RECORDS PROVIDED Start Marker

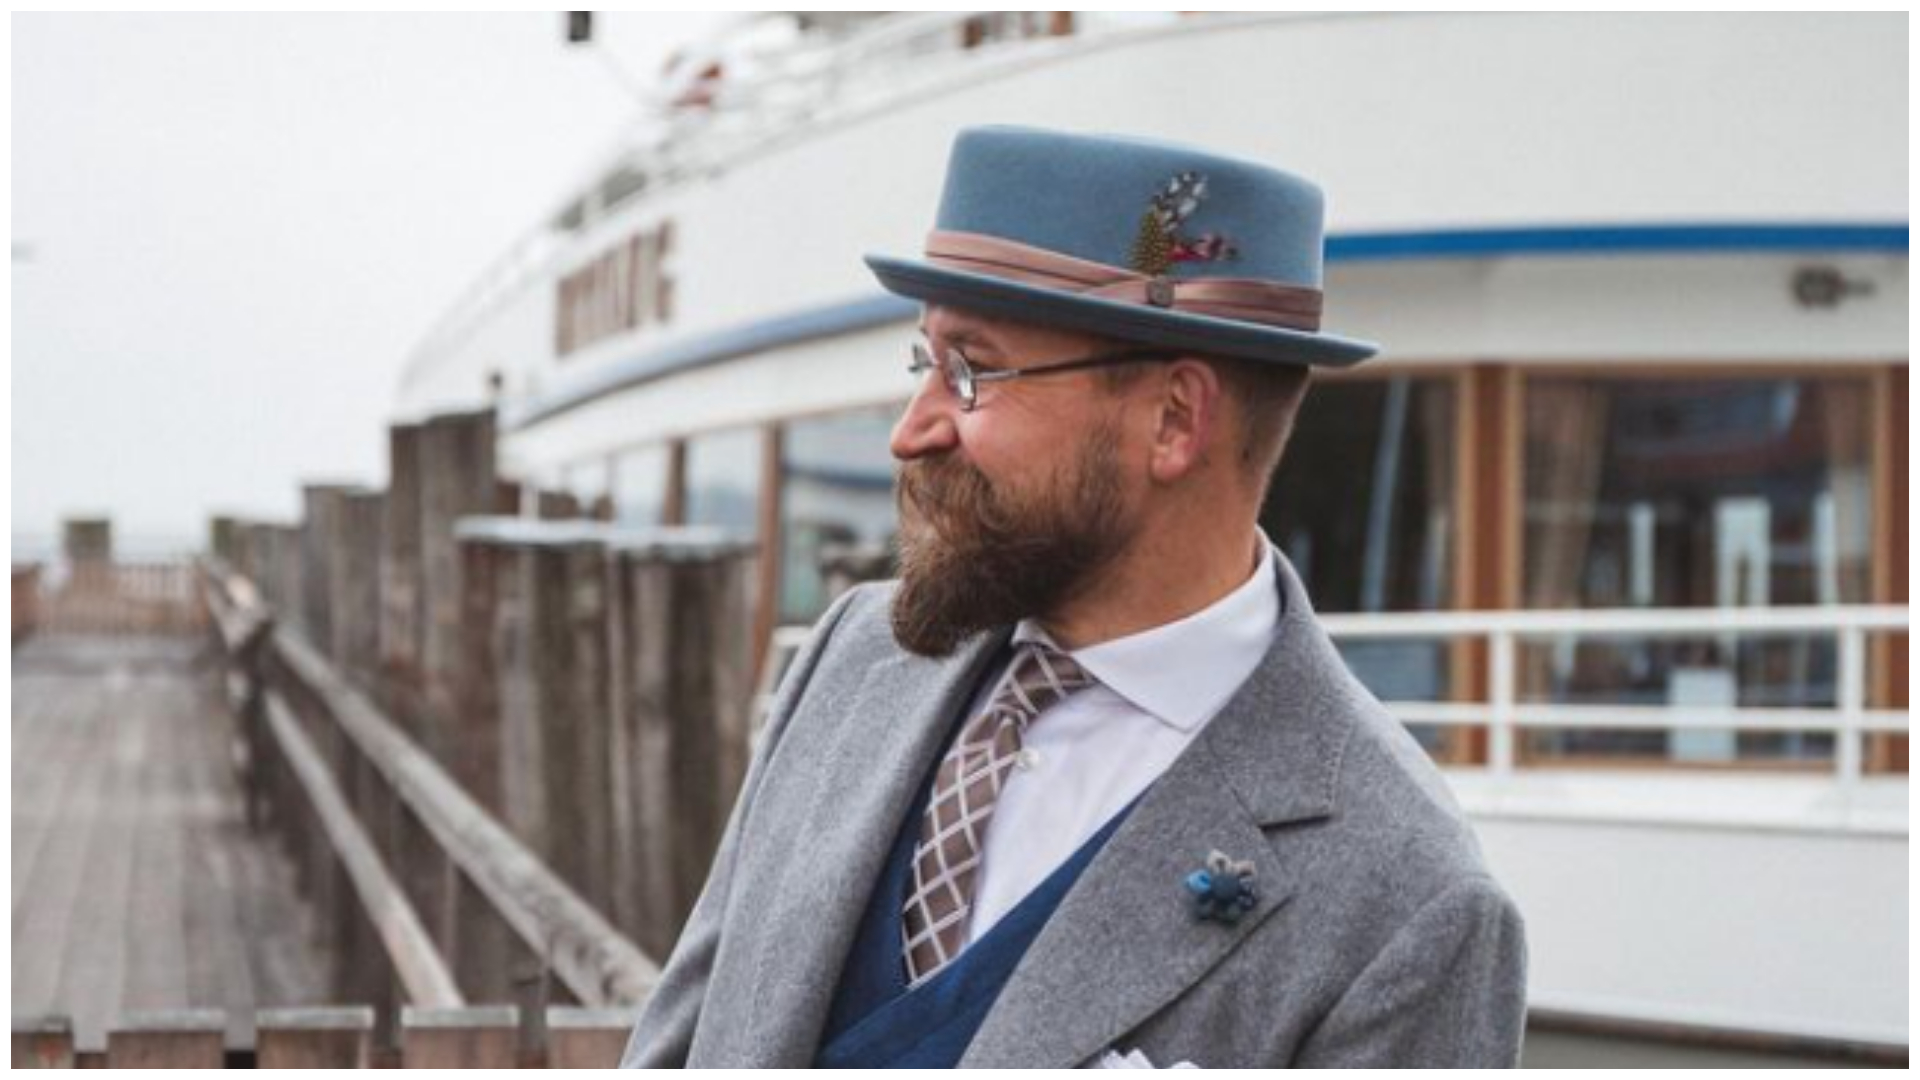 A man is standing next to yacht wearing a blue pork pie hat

RECORDS PROVIDED End Marker
RECORDS PROVIDED Start Marker

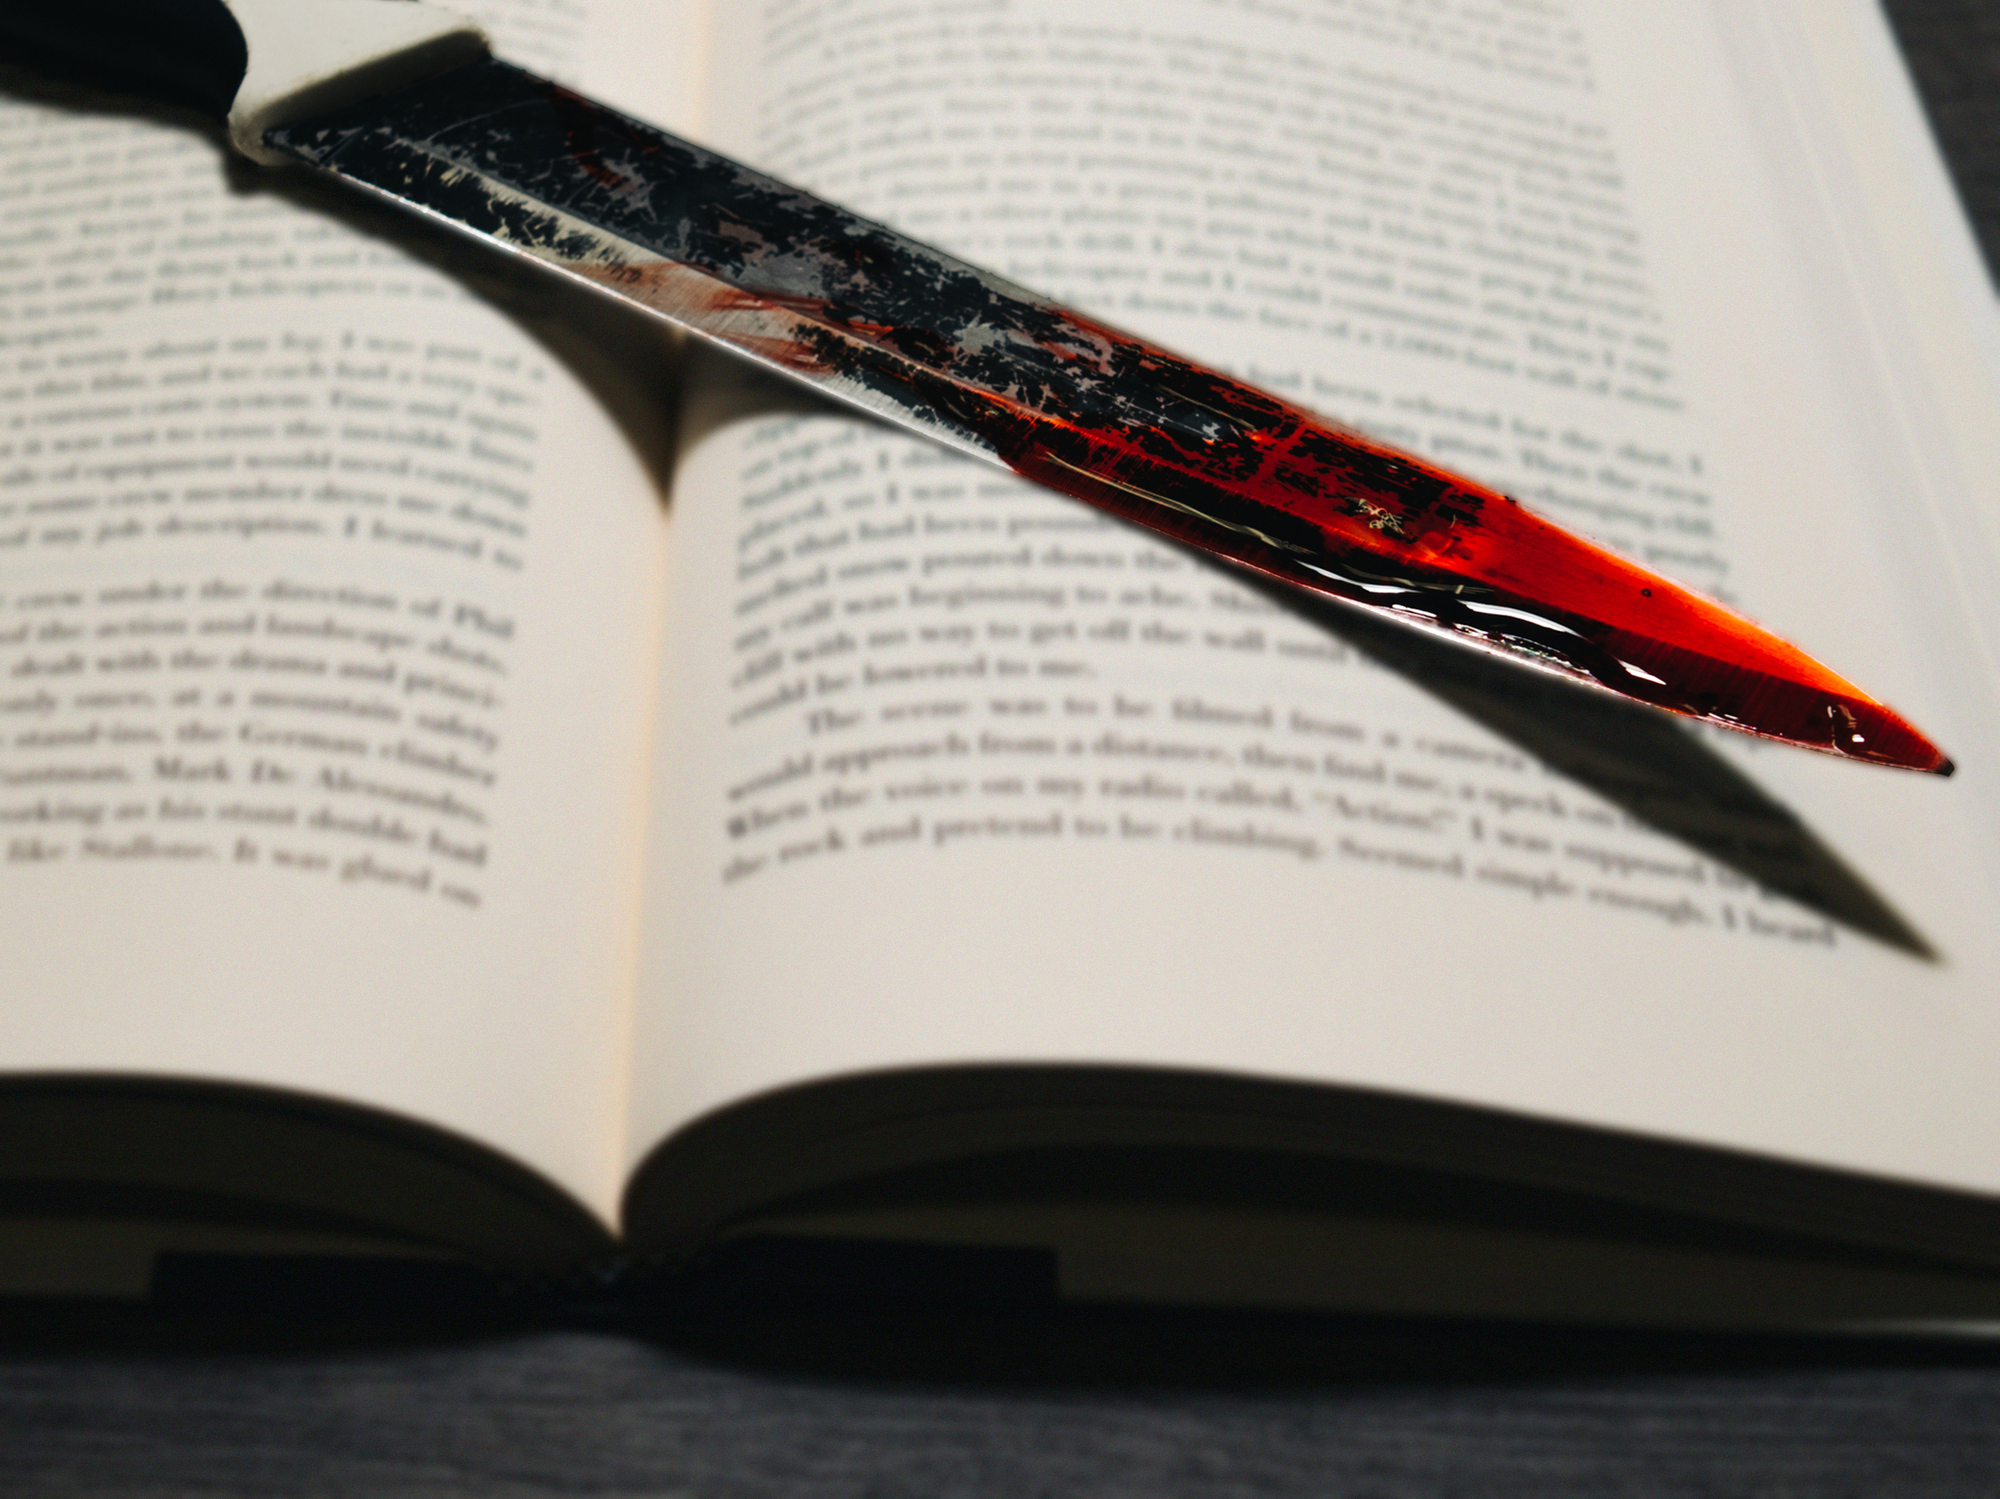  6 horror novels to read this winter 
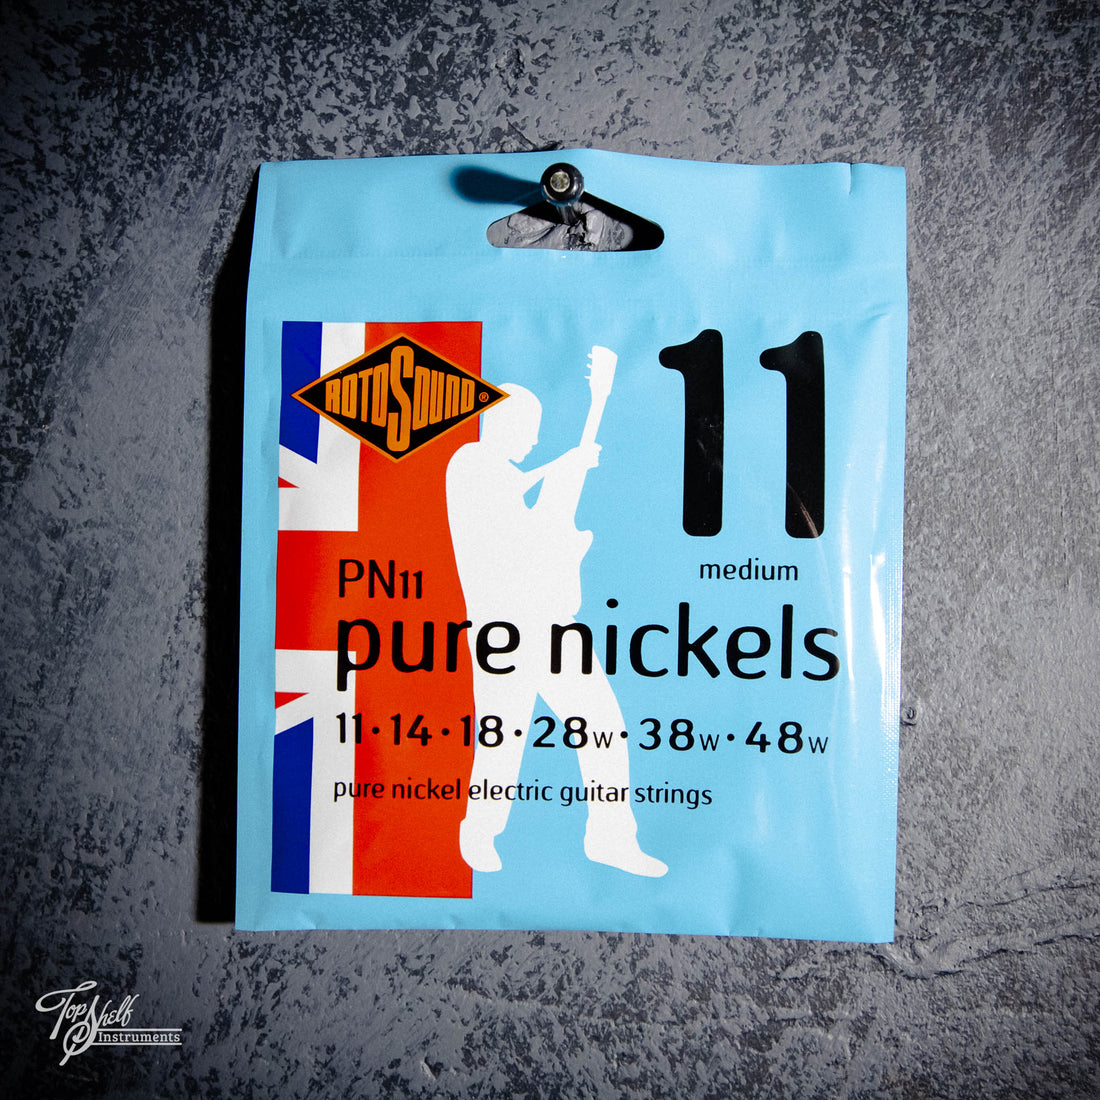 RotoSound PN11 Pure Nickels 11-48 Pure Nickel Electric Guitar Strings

RECORDS PROVIDED End Marker
RECORDS PROVIDED Start Marker

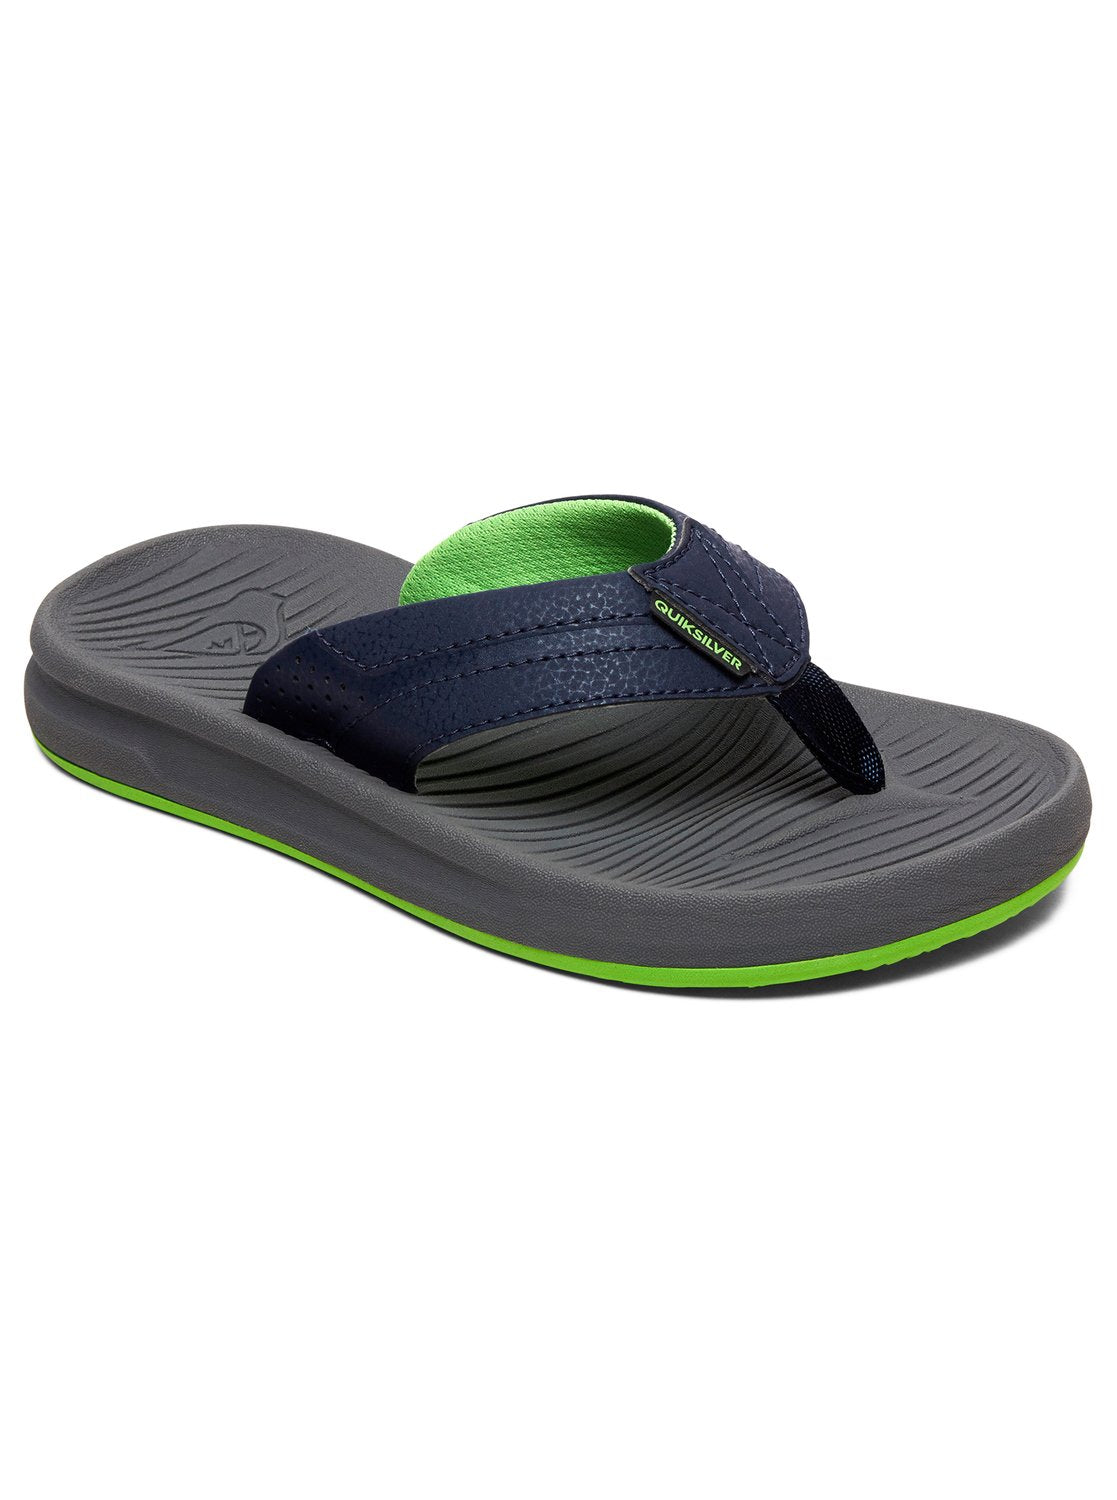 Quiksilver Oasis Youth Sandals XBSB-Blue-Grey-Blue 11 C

RECORDS PROVIDED End Marker

• _ASSIGNMENT_: Repeat exactly the lines above, beginning at the one containing "6 horror novels to read this winter" and ending at the one containing "RotoSound PN11 Pure". Do not carry over any pictures.

• _OUTPUT BELOW_:
  6 horror novels to read this winter 
 RotoSound PN11 Pure Nickels 11-48 Pure Nickel Electric Guitar Strings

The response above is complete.